A Method to Solve the Reaction-Diffusion-Chemotaxis System
-
Yao-Hsin Hwang
and
Chin-Kun Hu
Abstract
The objective of this article is to use a recent developed scheme to simulate reaction-diffusion-chemotaxis equations. The solution gradient required for an accurate discretization is computed directly as an additional variable rather than interpolated from solution values around neighboring computational nodes. To achieve this goal, a supplementary equation and its associated control volume are introduced to retain a compact and accurate discretization. Scheme essentials are exposed by the numerical analysis on two-dimensional chemotaxis problems to reveal its formal accuracy. Due to its highly comprehensible and practical features, this formulation can be easily extended to solve problems for other two-dimensional rectangular grid systems.
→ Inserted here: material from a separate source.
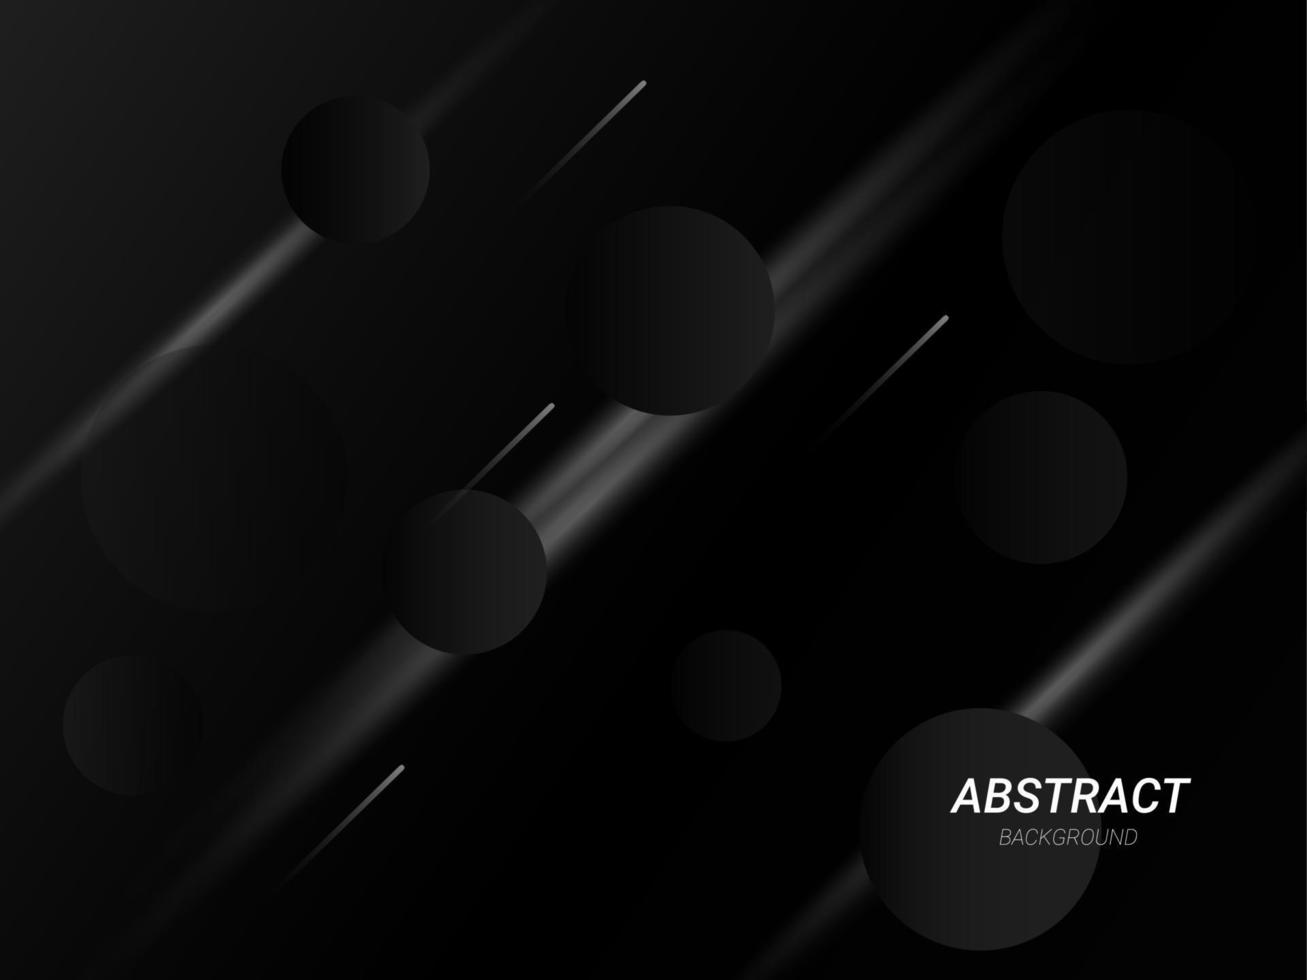 fundo preto geométrico escuro abstrato padrão de design elegante vetor

One- and two-dimensional problems are solved to verify its simulation accuracy and to study the possible formation of bacteria bands. We further perform the linearization technique to the reaction term to increase the stability of the current scheme. From the numerical analysis and computational results, it is found that the present formulation is a useful tool to solve reaction-diffusion-chemotaxis equations.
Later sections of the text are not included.